Fiber to the home (FTTH) passive optical network is one of the cost effective and effortlessly planning systems in the current era of communication systems. However, one of the substantial limitations of this optical communication network is the monitoring operation. It is essential to locate the fault branch in the network in order to take the required action to overcome the problem. Unfortunately, since the network is all passive, it is necessary to introduce a technique that should be passive and has the capacity to locate the fault location inside the network. In this paper, a methodology to localize the fault line was introduced, where a combination of Fiber Bragg Gratings was suggested, using this approach, the fault location can be easily determined among 36-branch, distributed in eight groups. Simulation results show that the broken line can be determined through monitoring the reflected signals from all the branches in the Central Office without paying any power to locate the leakage.

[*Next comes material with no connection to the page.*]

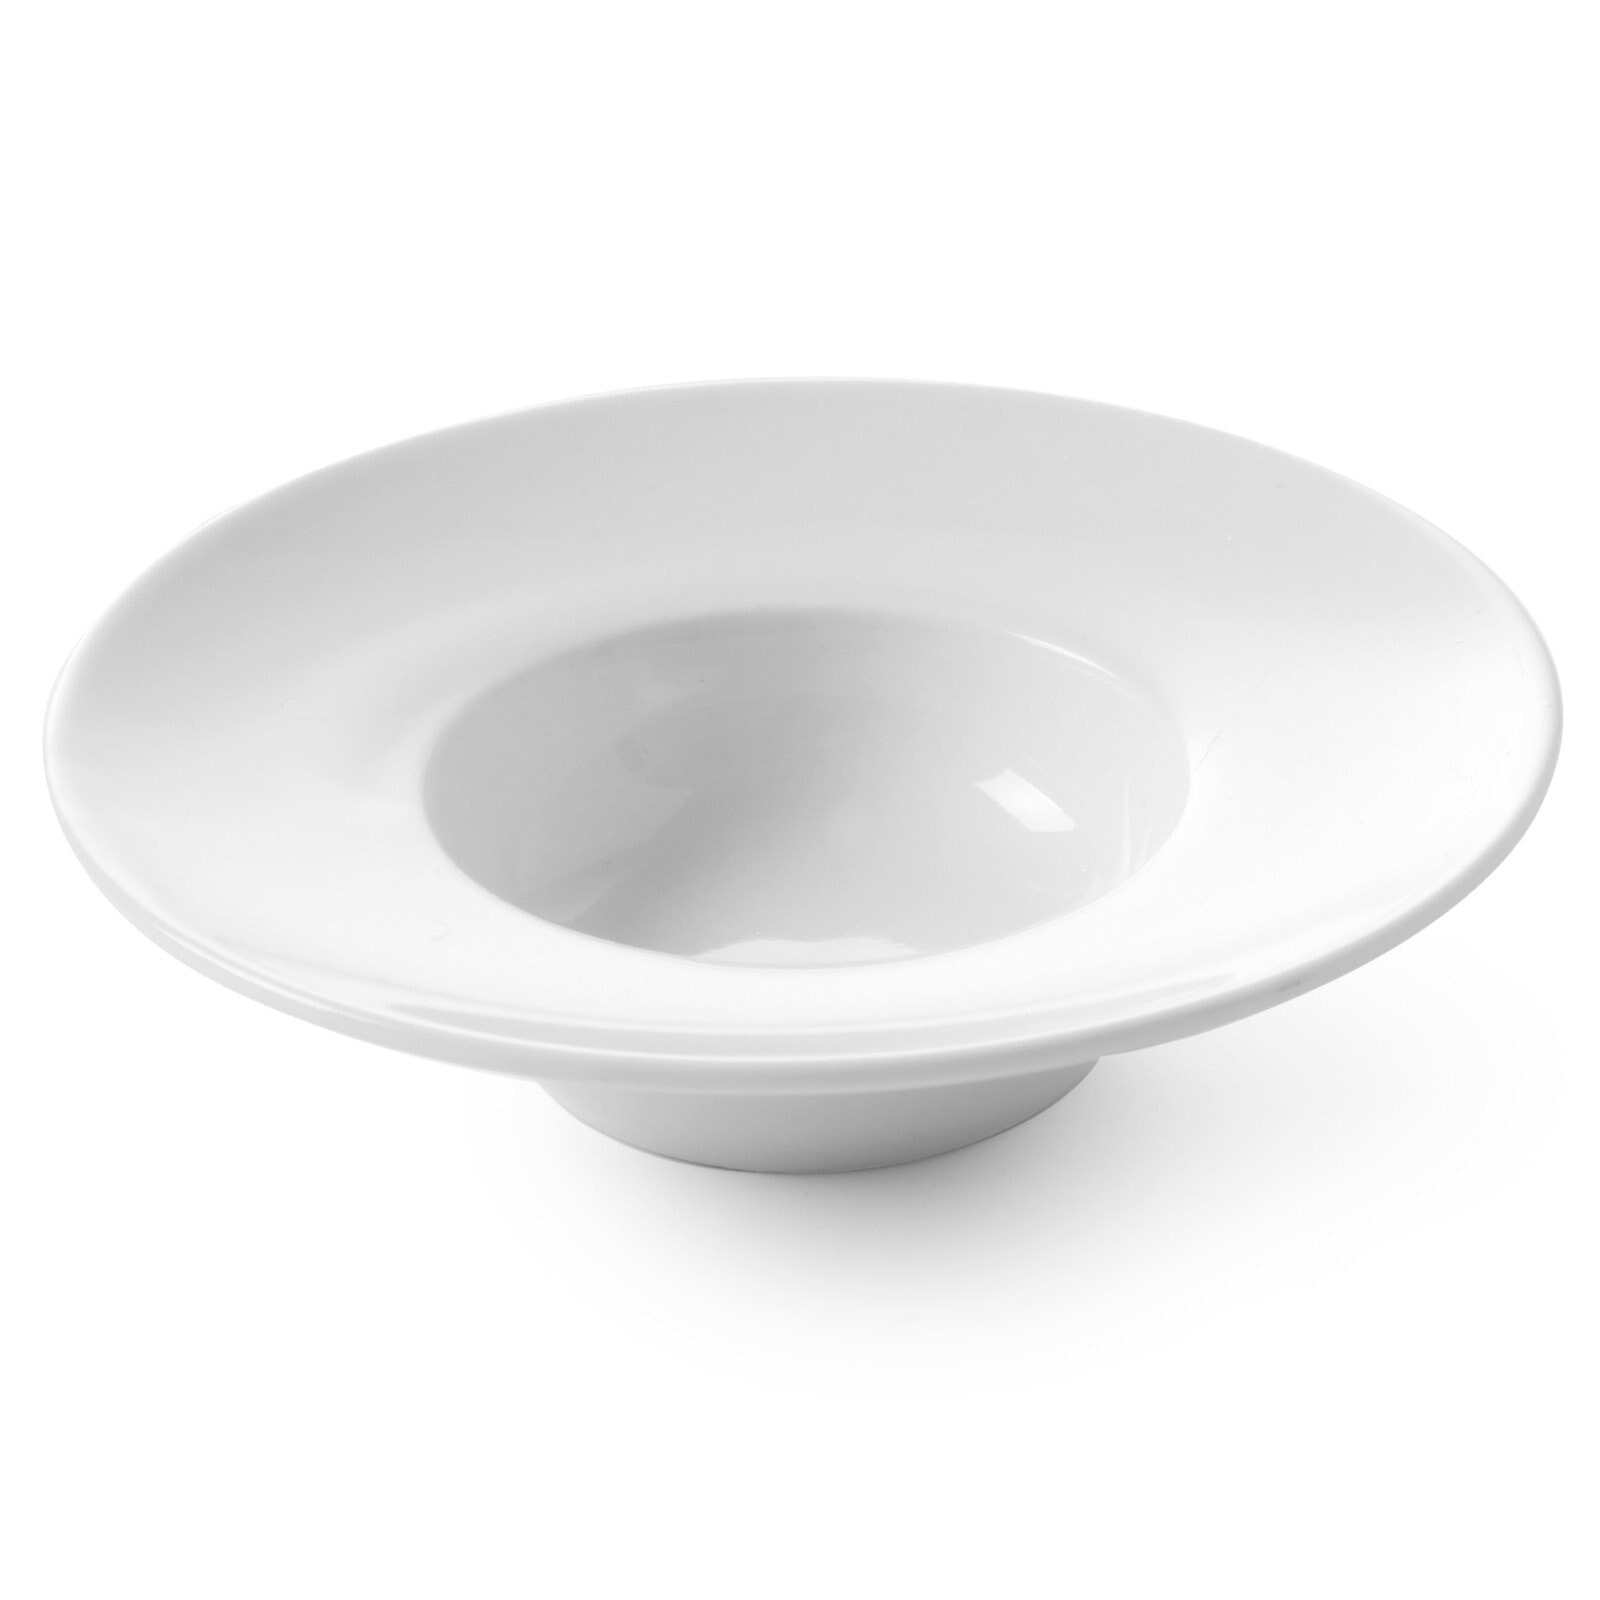 Snack bowl Plato TAPAS MINI porcelain set of 6 pcs. - Hendi 784426

In other words, it is easy to recognize the fault location by monitoring the power of the reflected signals, where after comprehensive simulations and power calculations, it was possible to put a threshold for that reflected power, hence, the fault branch, for any reason, may reflect power of less than that threshold, otherwise, the branch is not considered as broken.

Keywords: FBG; FTTH; FTTH-PON; PON; PON-fault detection; PON-monitoring
Corresponding author: Yousif I. Hammadi, Bilad Alrafidain University College, Diyala, Iraq, E-mail:

  1. Author contributions: All the authors have accepted responsibility for the entire content of this submitted manuscript and approved submission.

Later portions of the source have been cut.